I worked directly for arch/dioceses for some 15 years and indirectly (teaching in a seminary) for a dozen more. Readers can use that fact to discount what I say below as biased or to credit it as informed. Readers’ call.

Various voices are calling for the faithful to withhold donations from the Church in response to the McCarrick scandal, the Pennsylvania grand jury report, and so on. Other voices are urging Catholics to resist such calls. As the calls pro and con seem, so far, to fall within the bounds of Canon 212 § 3, I say, have at it folks. May the better arguments win. But we should note a few relevant canonical and practical points.

First, no canon requires Catholics to drop a donation in the Sunday collection. None. What the 1983 Code does say, however, in this regard, includes:

  • The Christian faithful are obliged to assist with the needs of the Church so that the Church has what is necessary for divine worship, for the works of the apostolate and of charity, and for the decent support of ministers. 1983 CIC 222 § 1.
  • The Church has an innate right to require from the Christian faithful those things which are necessary for the purposes proper to it. 1983 CIC 1260.
  • The Christian faithful are free to give temporal goods for the benefit of the Church. 1983 CIC 1261 § 1.
  • The faithful are to give support to the Church by responding to appeals and according to the norms issued by the conference of bishops. 1983 CIC 1262.

The roots of some of these canons, moreover, go back many centuries in Church history suggesting that more than ecclesiastical convenience is behind them.

Second, in nearly all arch/dioceses I am familiar with, Sunday plate collection (and other routine donations) go to the benefit of parishes (largely by implication  of Canon 1256).

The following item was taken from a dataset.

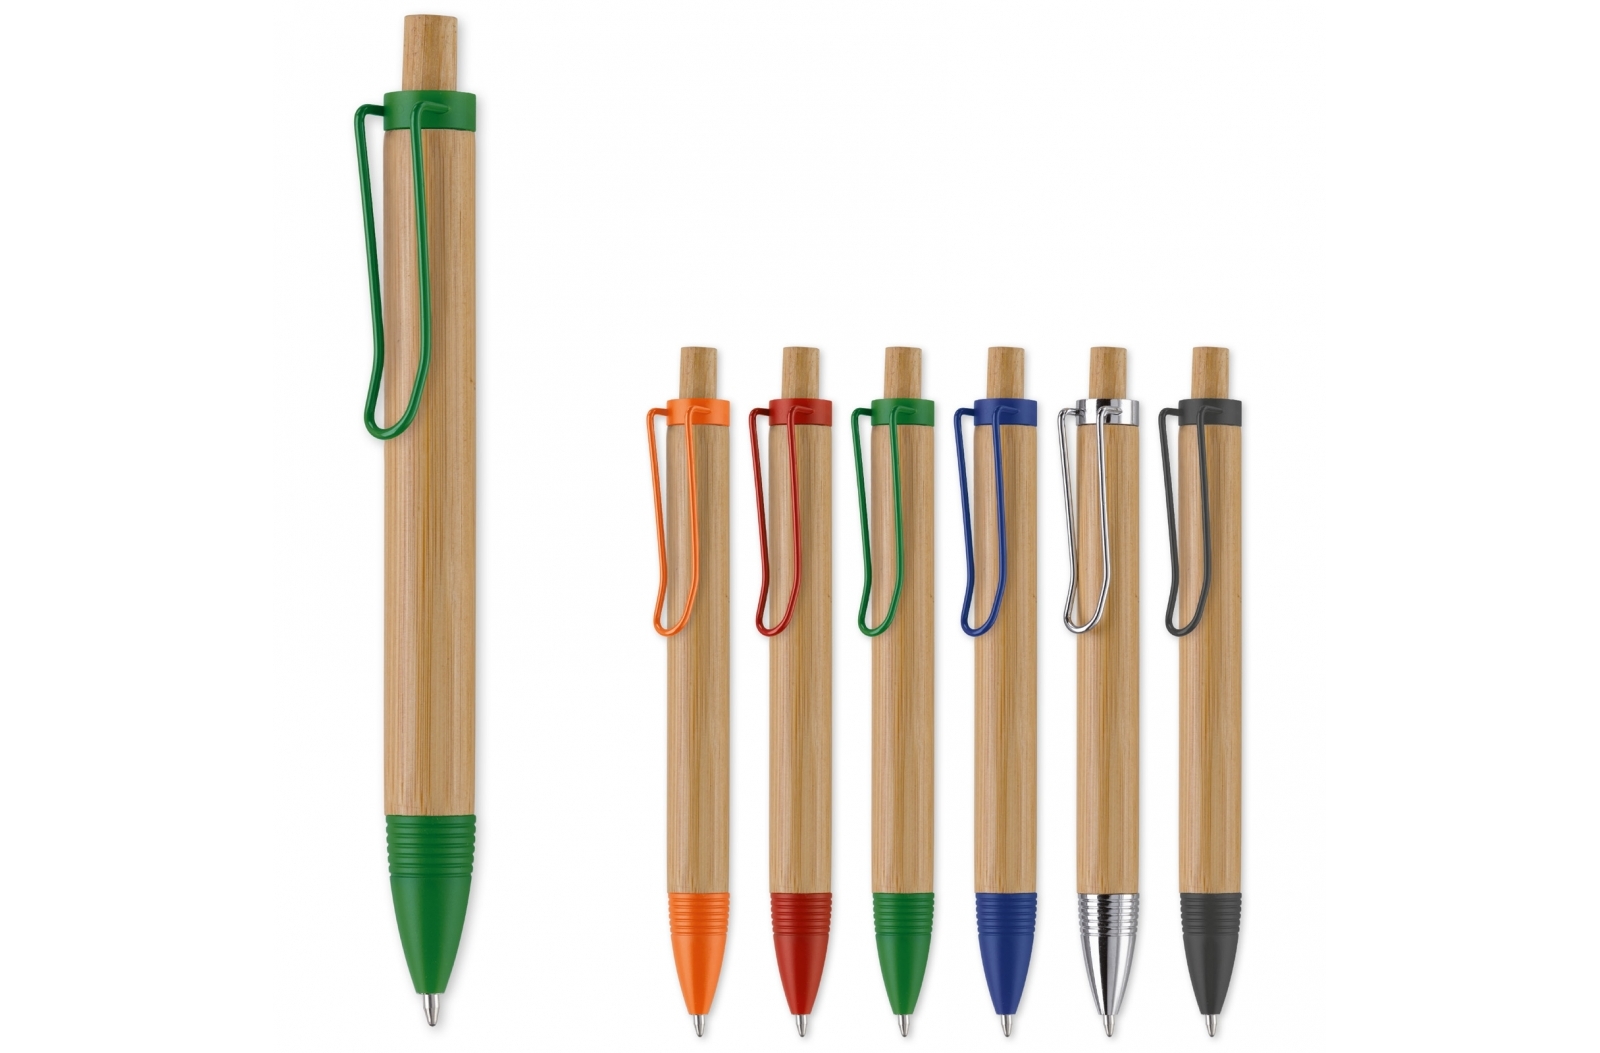 Kugelschreiber im Bambus Design
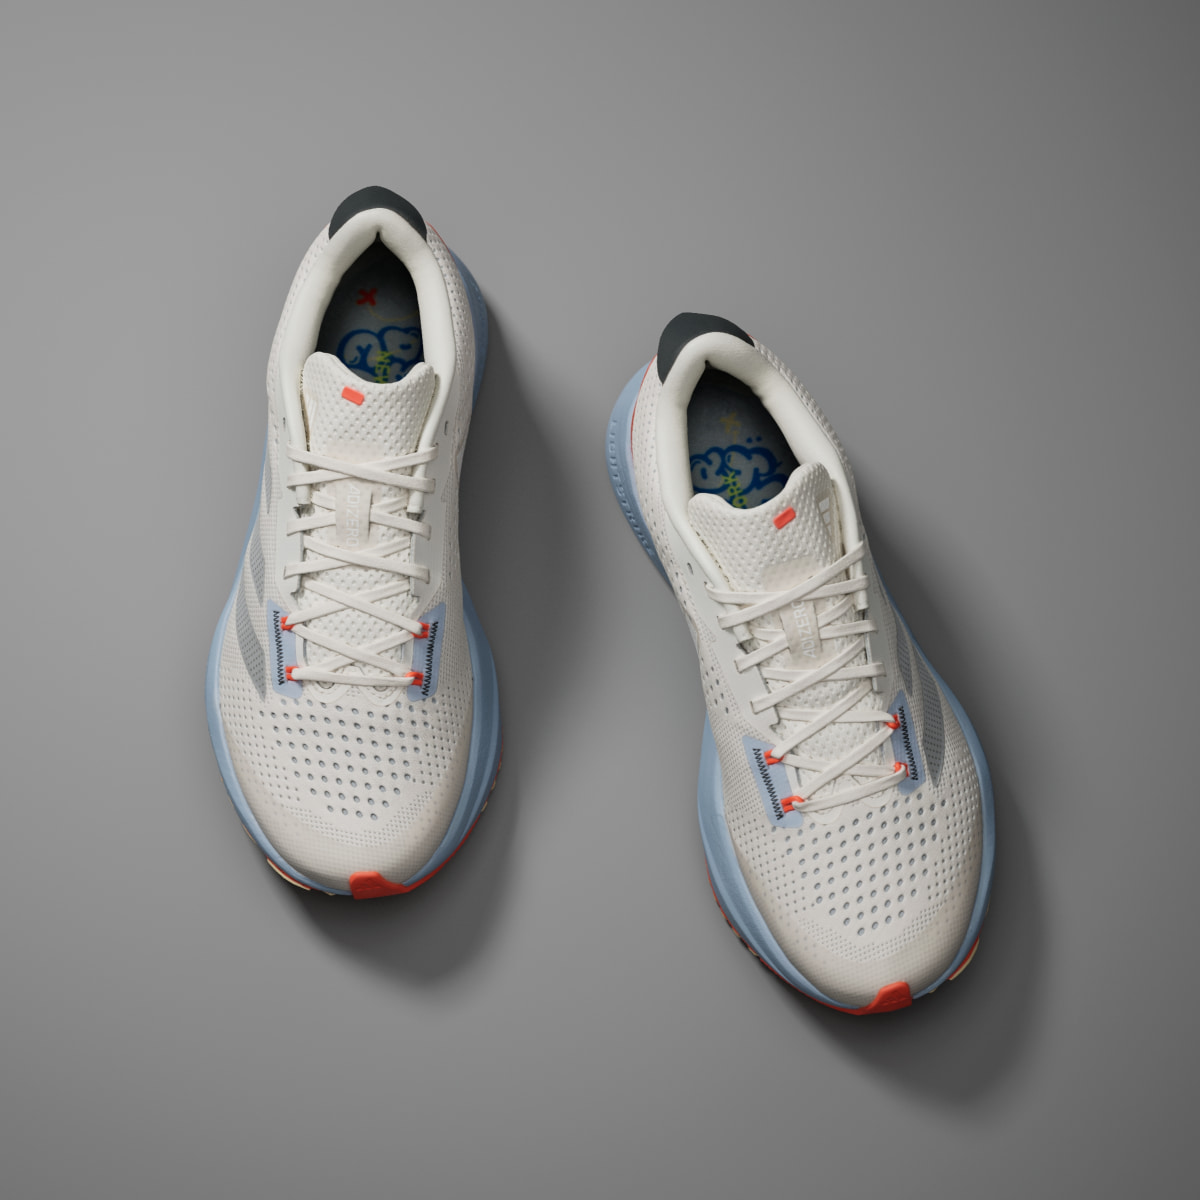 Adidas Adizero SL Running Shoes. 4

Thus, in most cases, withholding one’s regular donations directly hurts parish operations and not arch/diocesan.

Third, many arch/diocesan annual fund-raising campaigns are, technically speaking, designed to help parishes meet assessments (canonically, taxes) imposed by bishops (in my view, usually reasonably) on parishes per Canon 1263. Withholding one’s donations to annual arch/diocesan appeals therefore, again, hurts parishes first, though parish problems in meeting their annual assessments would be noticed at the arch/diocesan level.

Fourth, arch/dioceses facing financial shortfalls generally do what any large organization does in such situations, cut expenses, liquidate investments, and/or borrow money. Thus, the actual impact of withholding one’s donations to the arch/diocese, an impact often already diluted by the time it reaches the arch/diocesan level, is likely to be muted again by the usual financial expedients undertaken by other financially stressed organizations. By the way, intimations that arch/diocesan budgets get balanced at the expense of the poor, while such suggestions smack of emotional hostage-taking, do reflect the reality that many demands are made on arch/diocesan assets (see, e.g., Canon 1254 § 1) and that no undertaking would be immune from cuts.

What all this boils down to, I suggest, is that by the time one determines the exact financial footing of any given arch/diocese and predicts, rightly or wrongly, how that arch/diocese might respond to a drop in income, one should be able to see that across-the-board calls for Catholics to withhold donations “from the Church” are subject to so many qualifications and exceptions and ramifications (intended or not) that, well, it seems difficult to defend such calls as being based on convincing reasons.

Still, as stated above, no canon requires Catholics to make a donation on any Sunday to any parish and, given how little voice Catholics have in the selection of their leadership and their conduct, I understand why calls to strike back in some, in any, measurable way against massive, massive episcopal failures resonate with so many.

I’m just saying, be careful about punishing the Spouse of Christ and her dependent children because some priests and even bishops, men presumably wedded to her as Jesus was wedded to her, abandoned her so shamelessly.